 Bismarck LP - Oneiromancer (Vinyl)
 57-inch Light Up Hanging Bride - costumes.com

...

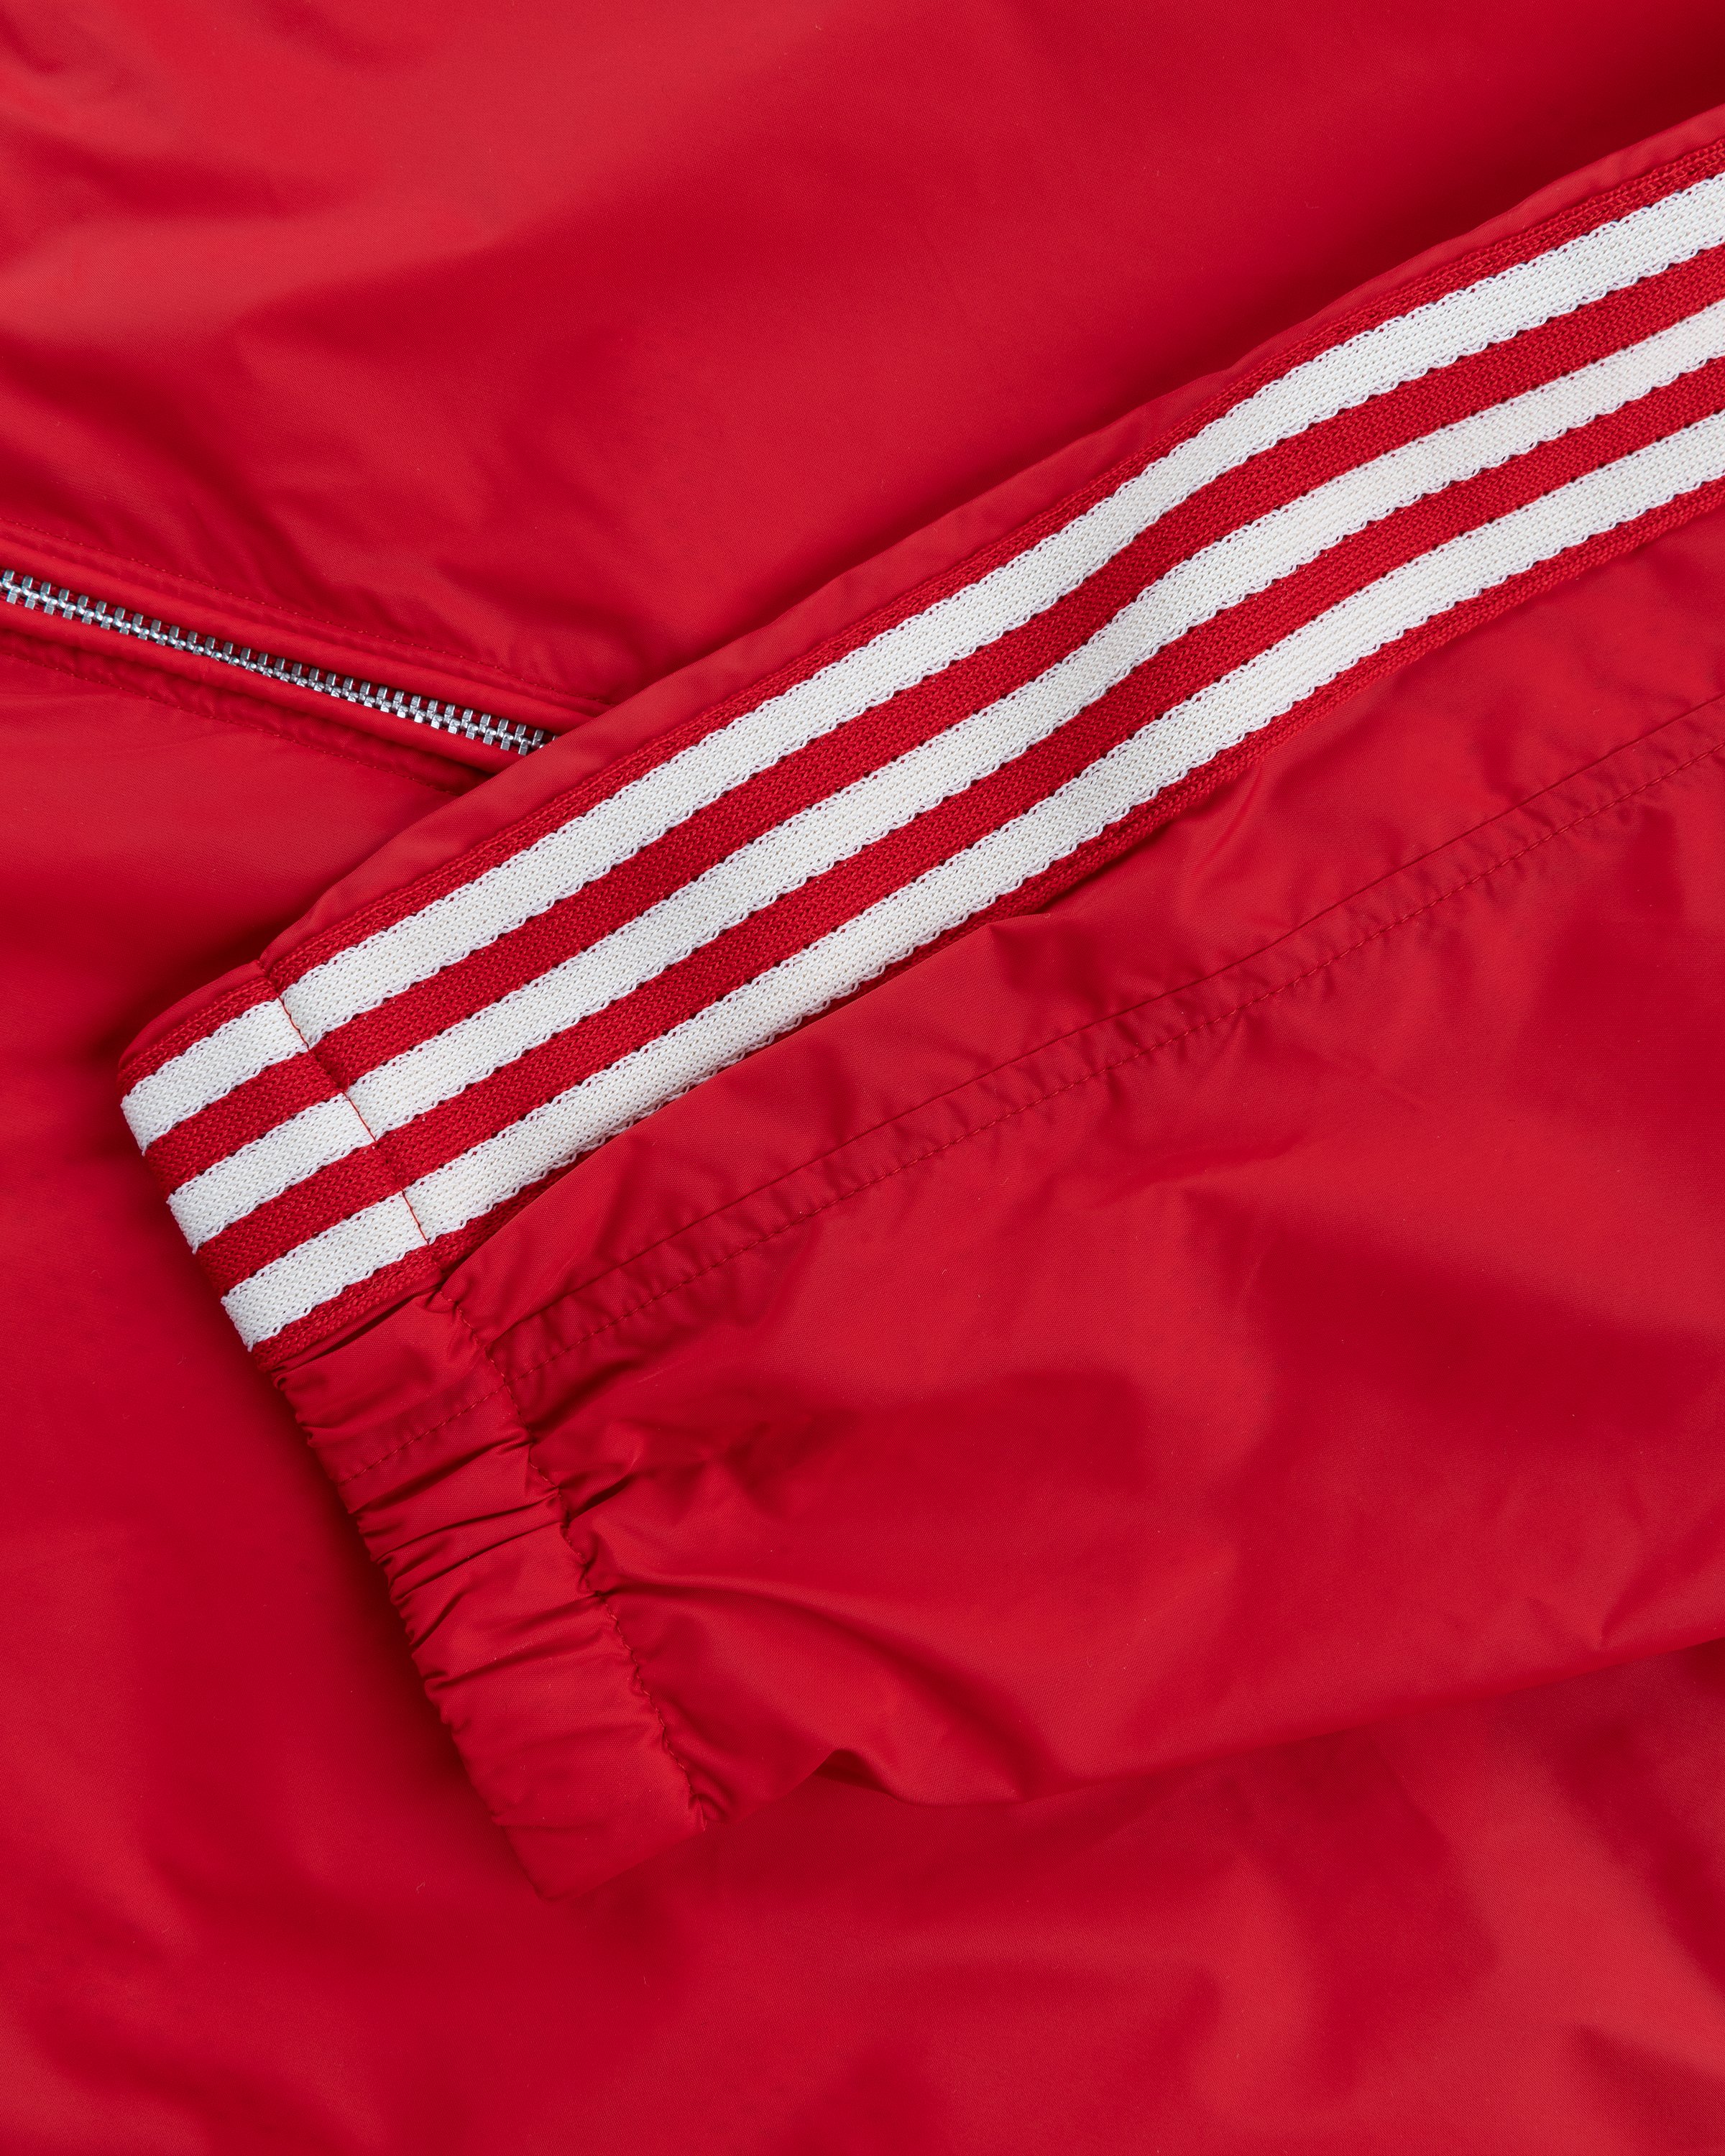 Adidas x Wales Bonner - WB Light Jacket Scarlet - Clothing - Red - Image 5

#### INSTRUCTIONS FOR THE TASK:
When you reach the line in the material above that holds "Bismarck LP - Oneiromancer (Vinyl)", begin reproducing lines exactly, and stop after the line that holds "57-inch Light Up".

#### OUTPUT OF THE EXERCISE:
 Bismarck LP - Oneiromancer (Vinyl)
 57-inch Light Up Hanging Bride - costumes.com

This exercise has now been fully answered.